Les deux enfants se regardèrent, surpris. Avec le Vieux Sage, il fallait s'attendre à tout. Le chien ayant cessé d'aboyer et ayant retrouvé sa place à côté du feu, ils purent s'approcher et poussèrent la porte branlante qui méritait réparation. Olric en toucherait un mot au menuisier. L'intérieur était baigné d'une douce lumière orangée diffusée par des bougies de cire d'abeille protégées des courants d'air par des sortes de miroirs de métal poli. L'odeur de cire prenait au nez. Le vieil homme, allongé sur une sorte de natte de paille tressée, se trouvait dans un angle de la pièce qui n'avait pour tout mobilier qu'une planche de bois posée sur deux rondins. Des coffres massifs et débordants d'objets et d'étoffes occupaient la moitié de cette pièce.
   - N'ayez pas peur mes enfants, asseyez-vous, leur dit-il, désignant deux billots sur le côté de la porte. Mais, suis-je bête, pourquoi auriez-vous peur puisque vous êtes venus de votre plein gré. Qui êtes-vous ? Oh toi, petite, il me semble te connaître. Ah oui, ta maman, il y a quelques années…
   Il fit une pause, gêné d'avoir évoqué ce souvenir.
   Les enfants se présentèrent et le vieil homme, dont les yeux malins n'avaient pas cillé un seul instant eut un petit sourire tandis qu'il caressait sa longue barbe jaunie par le temps. Quel âge pouvait-il bien avoir ? Nul ne le savait. Certains prétendaient qu'il était centenaire, d'autres qu'il n'avait pas d'âge ou encore qu'il était immortel. Allez savoir.
   - Dites-moi ce qui vous amène dans ma modeste demeure. Si vous avez fait le déplacement en pleine nuit, avec les risques que cela comporte, c'est que la chose est d'importance, n'est-ce pas ?
   - En effet, répondit Olric.
   Et il lui fit, en quelques mots, le récit de la situation.

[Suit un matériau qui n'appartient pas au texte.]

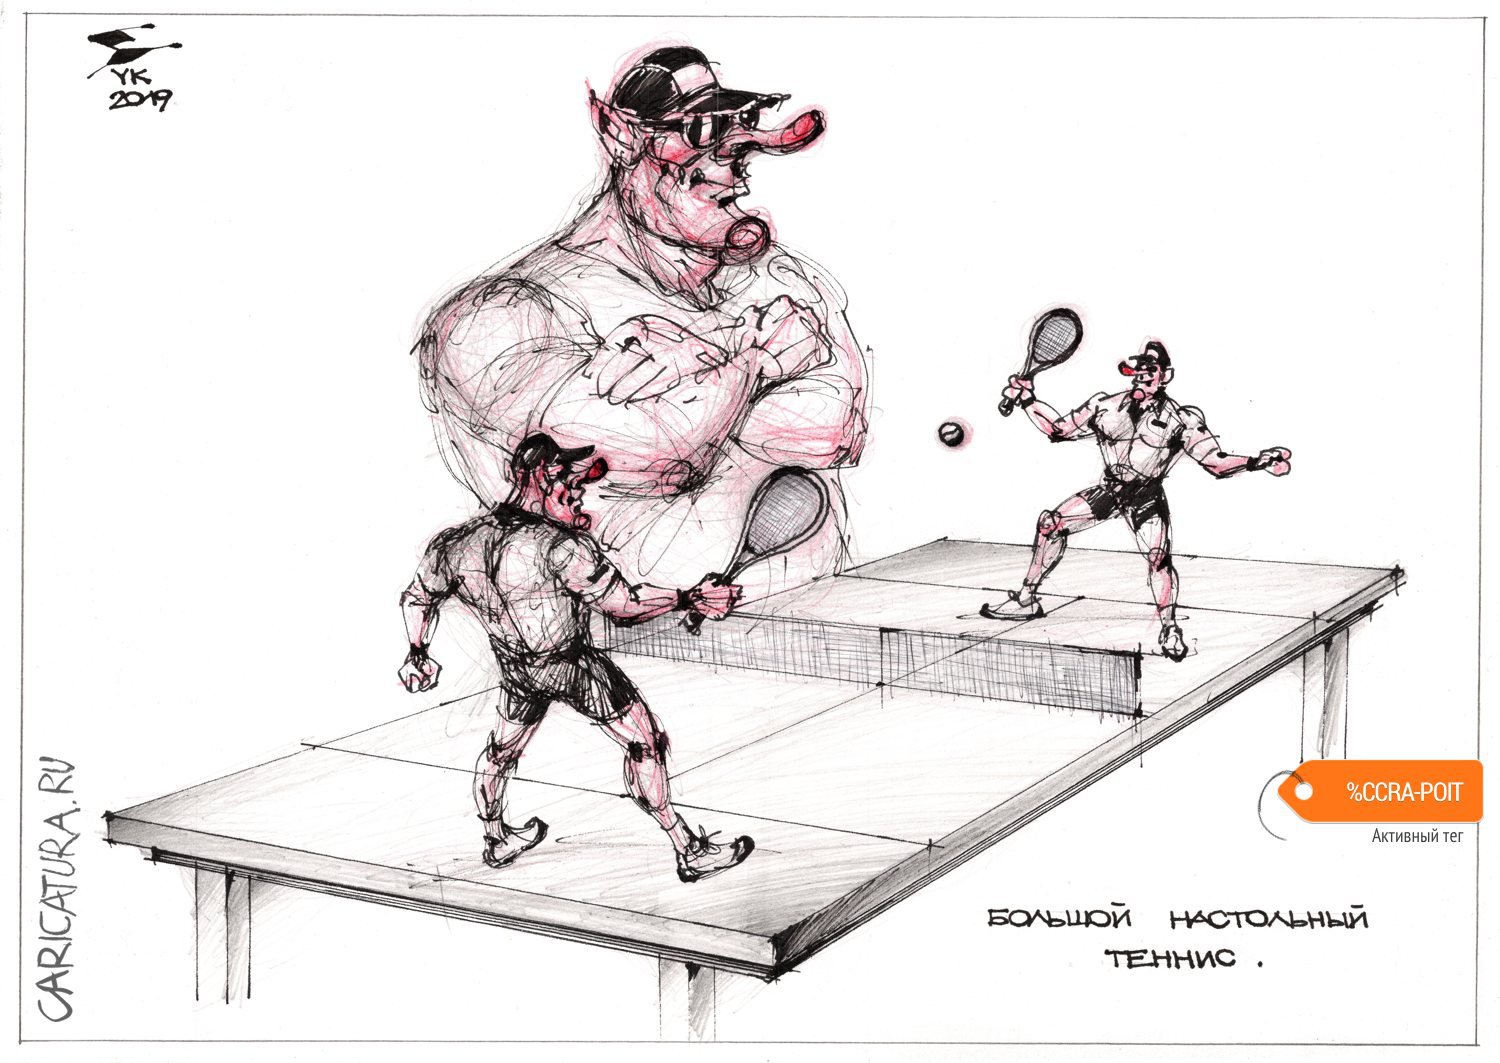 Карикатура "Большой настольный теннис", Юрий Косарев

La promenade, le bouclier qu'il avait emprunté, l'embuscade, la perte de l'écu et l'inquiétude des chevaliers.
   Le Vieux Sage ferma un instant les yeux et sembla prononcer des paroles sur un ton si bas que les enfants ne purent en saisir le sens.    Cela dura un moment pendant lequel on se demanda s'il était encore physiquement présent dans la pièce. Il rouvrit enfin les yeux. Son visage était devenu grave et il parla d'une voix lente, presque cérémonieuse, pesant chacun de ses mots.
   - Mes enfants, cette histoire ne me plaît pas. Ce bouclier a une valeur que personne n'a encore estimée réellement. Il a des pouvoirs particuliers, sur les gens, sur les soldats, sur la foule. Il a même un pouvoir sur celui qui le possède le dotant d'une force et d'une facilité à traverser les épreuves les plus difficiles. Sa perte est un drame pour le château. Qui sait maintenant comment cet écu sera utilisé et par qui ?
   - Olric était atterré. Par sa stupide faute, le château et
ses occupants étaient en péril. Le Vieux Sage s'en rendit compte.
   - Mon garçon, tu ne pouvais pas savoir. Tu ne pouvais pas connaître les pouvoirs attribués à cet écu. Le mal est fait. Maintenant il faut réparer. Je te crois assez courageux pour cela. Il faudra faire vite car je vois des images sombres, des chevaliers en armes, des soldats, de nombreux soldats, des villages qui brûlent, des paysans massacrés, la contrée mise à sac, ah! le château…il est en grand danger, des assaillants arrivent de partout….
   Il se tut soudainement.
   - Comment faire ? demanda Luccina.
   - Commencez par prendre ceci.
   Et il leur tendit à chacun un petit médaillon métallique sur lequel figurait un chêne enroulé de lierre.
   - Mettez cette médaille, elle pourrait vous protéger. Ensuite, vous irez rendre visite à Cyrielle la fée. Sa masure se trouve un peu plus haut, vers le Haut des Cailloux. Racontez-lui votre histoire. Elle pourra peut-être vous aider. Bonne chance mes enfants.
   Luccina et Olric comprirent qu'il était temps de quitter le Vieux Sage. On ne pouvait pas dire qu'il leur avait particulièrement remonté le moral mais au moins la situation était claire.
   - Je vous enverrai le menuisier, lança Olric, en quittant la maison. Votre porte, là, elle ne tient plus.
   - Merci mon garçon. Bonne chance.